▶ **Work instructions**:
Repeat the lines of the data exactly and exclude any picture among them.

▶ **Dataset section**:
◇ ◇ ◇ ◇

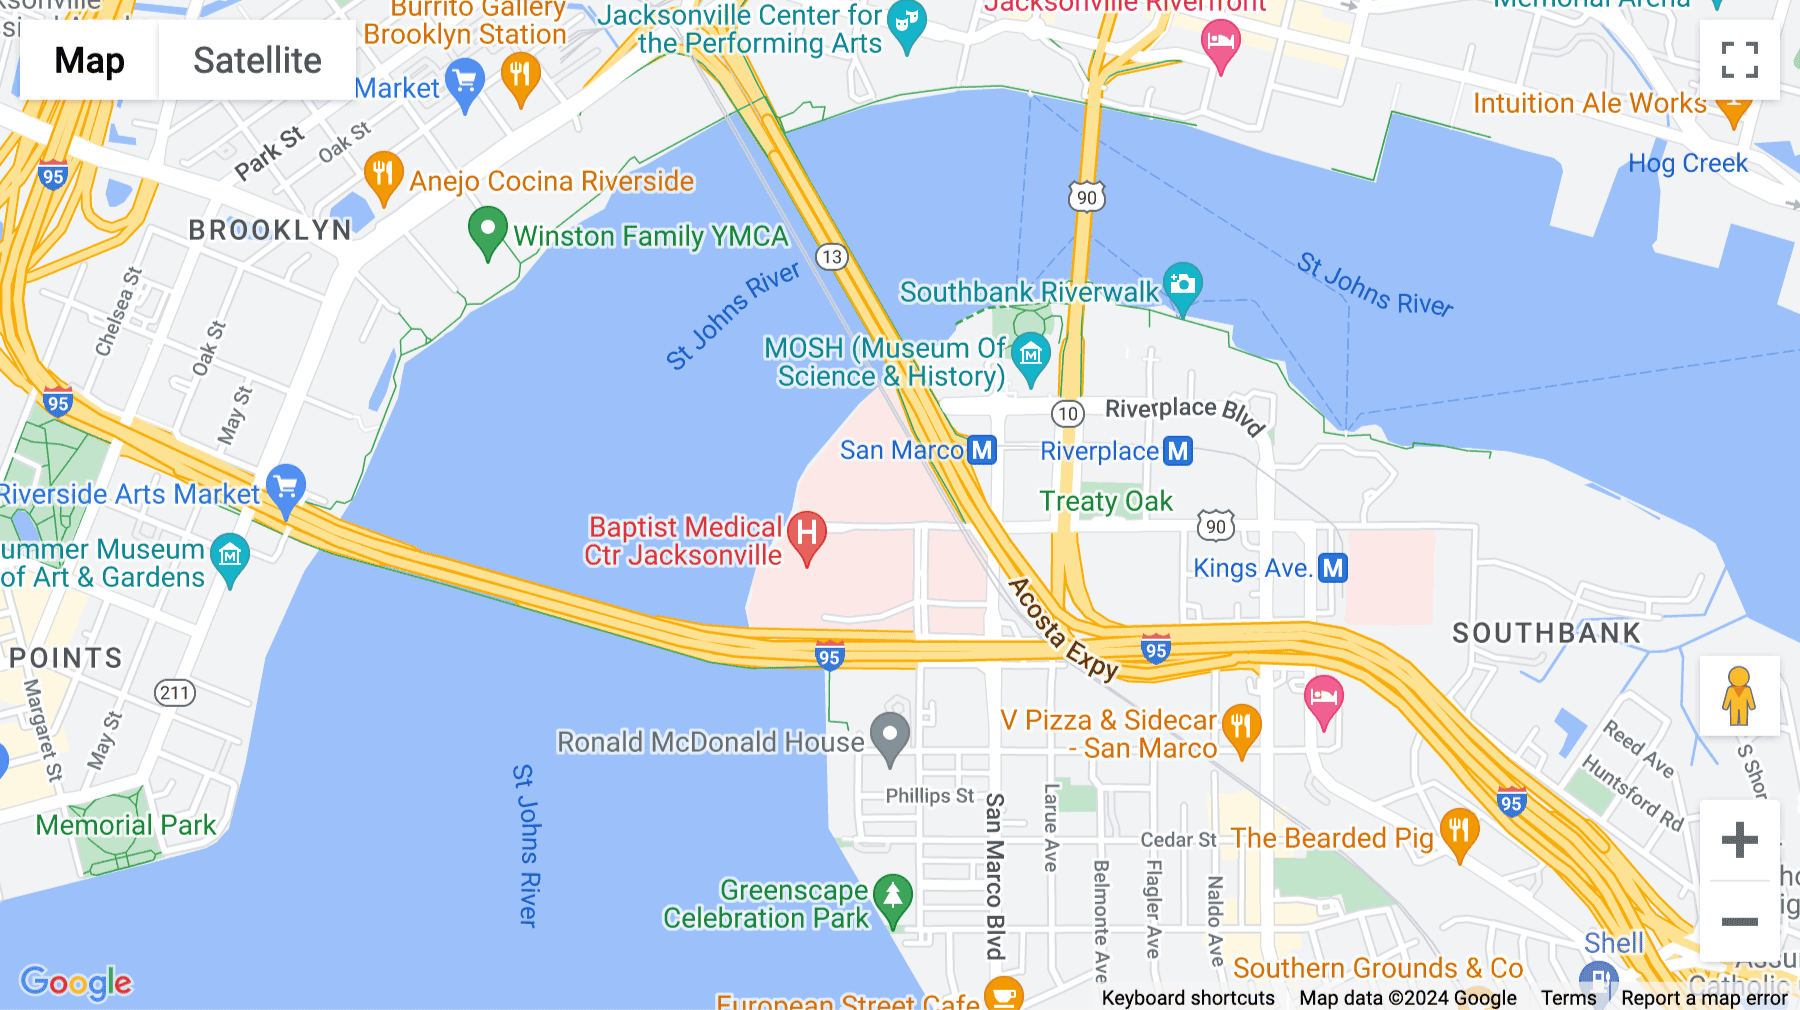 Click for interative map of 841 Prudential Drive, 12th Floor, Jacksonville, Florida, Jacksonville
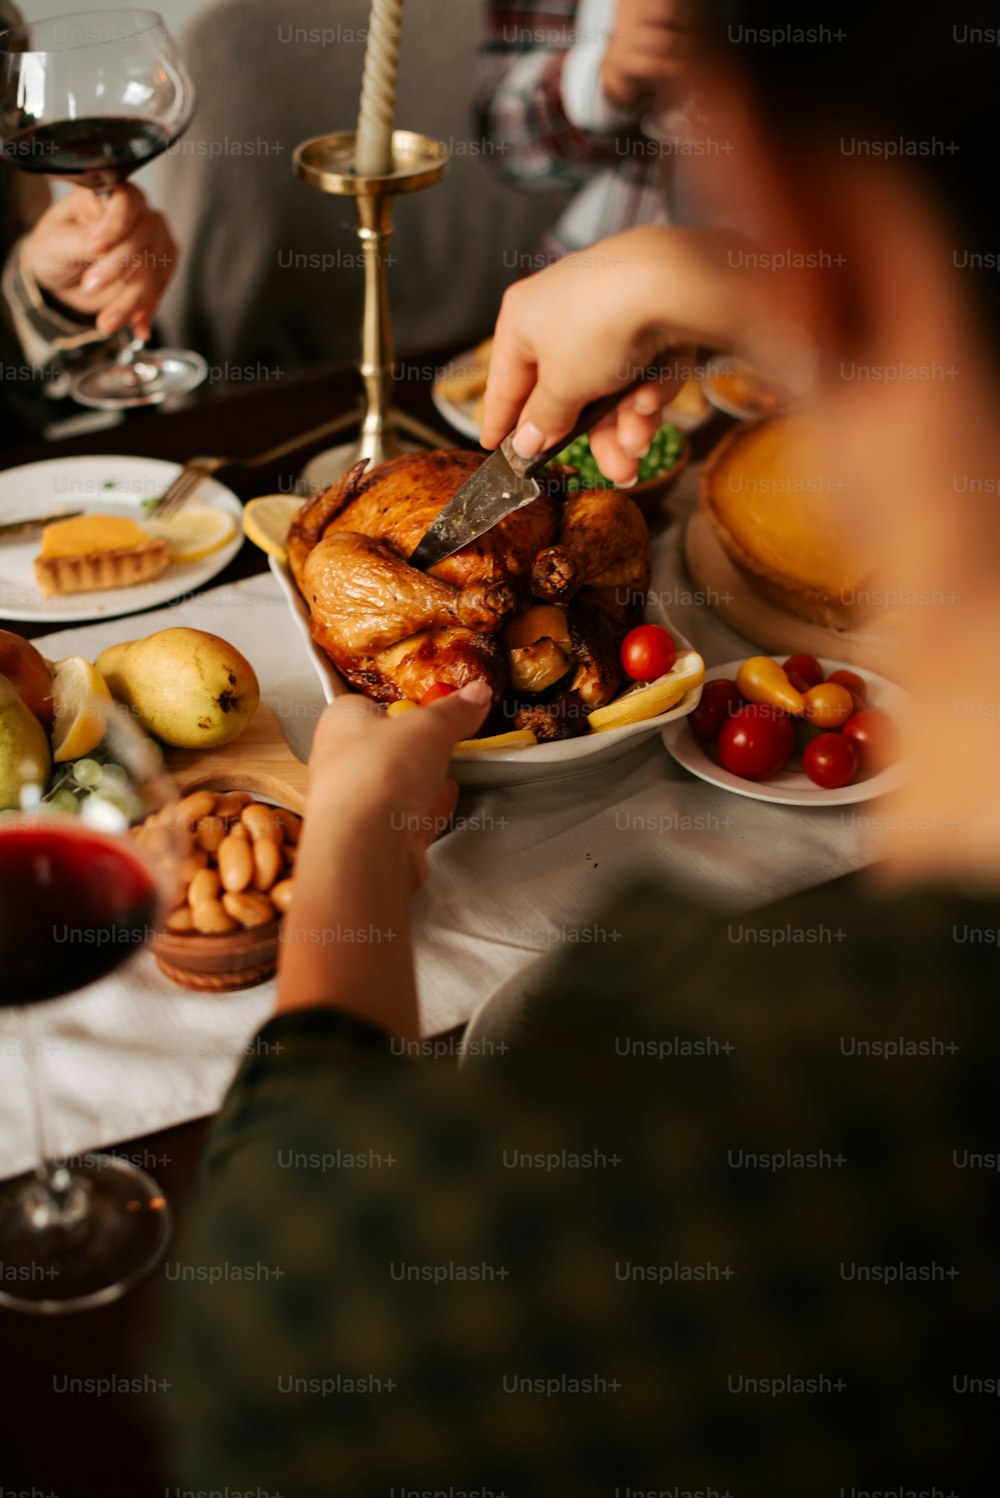 a person cutting a turkey on a table
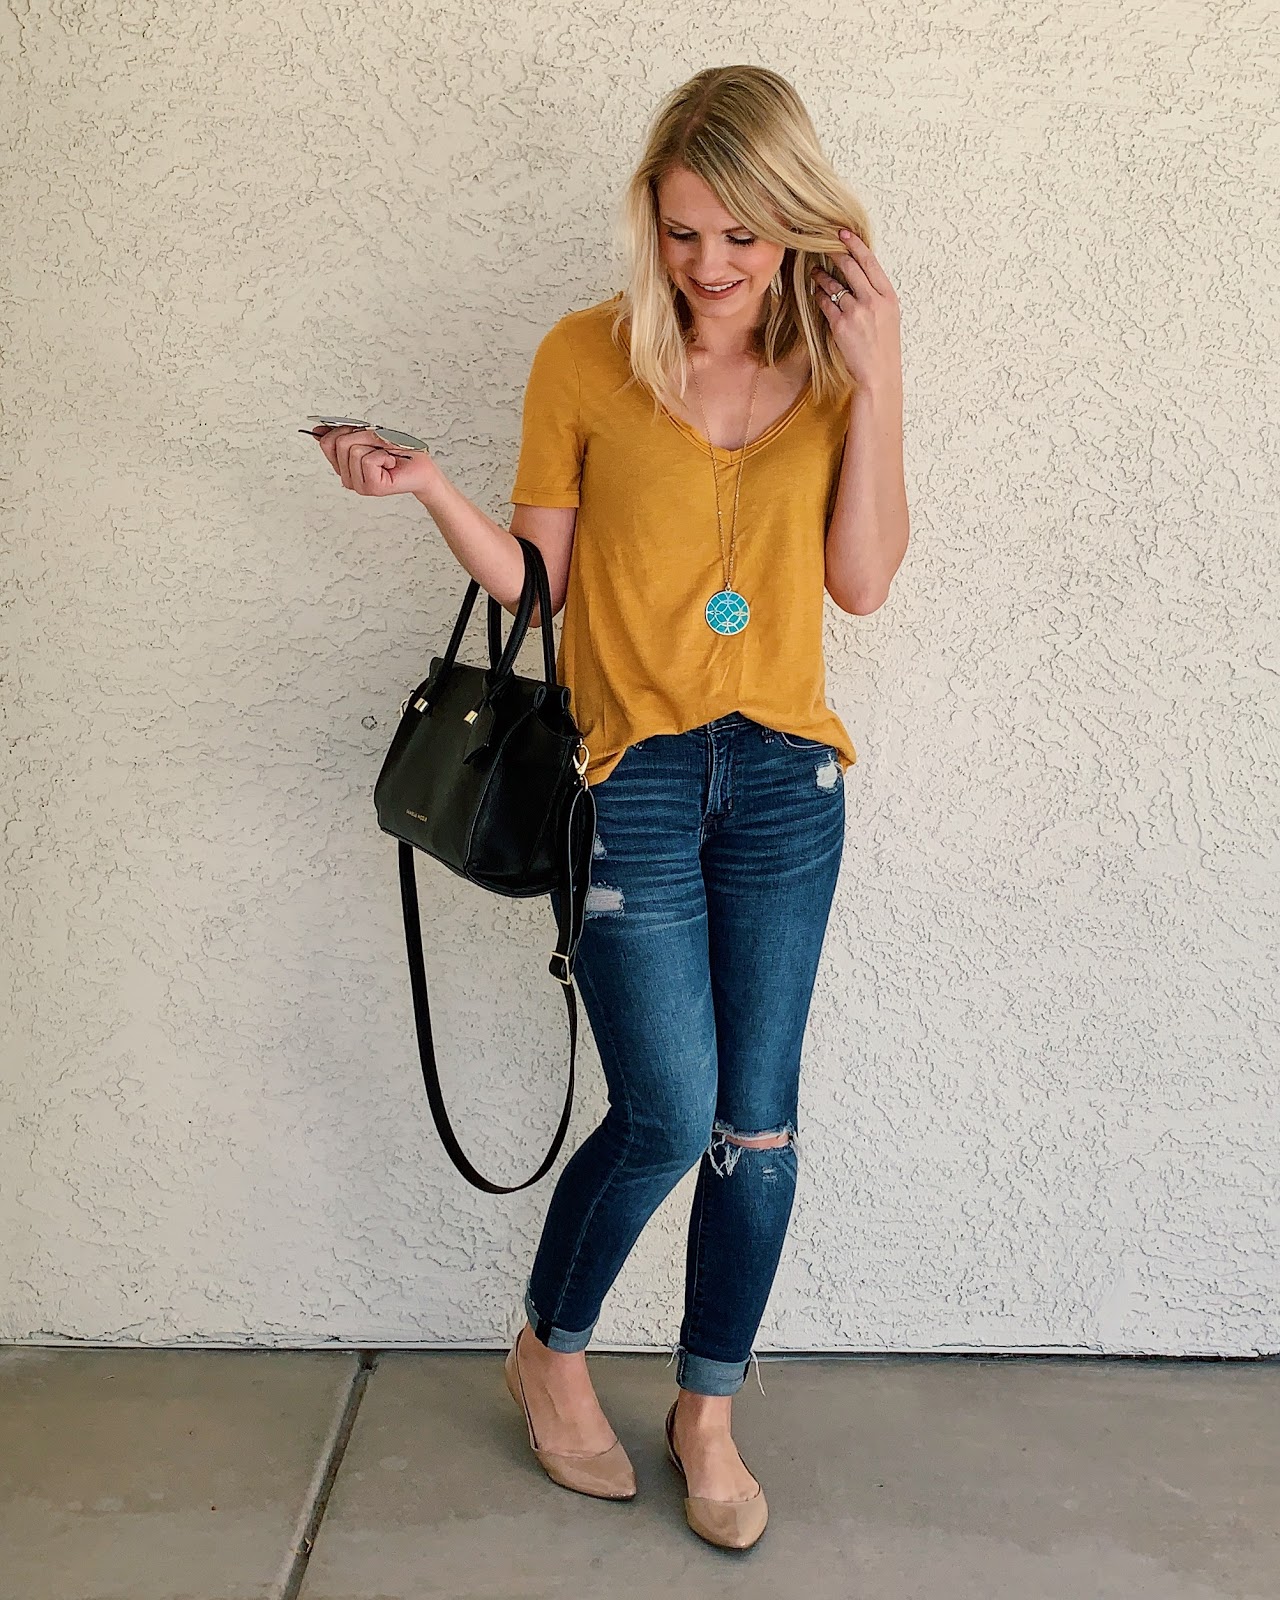 yellow t shirt outfit

◇ ◇ ◇ ◇

▶ **Your solution**:
 Click for interative map of 841 Prudential Drive, 12th Floor, Jacksonville, Florida, Jacksonville
 a person cutting a turkey on a table
 yellow t shirt outfit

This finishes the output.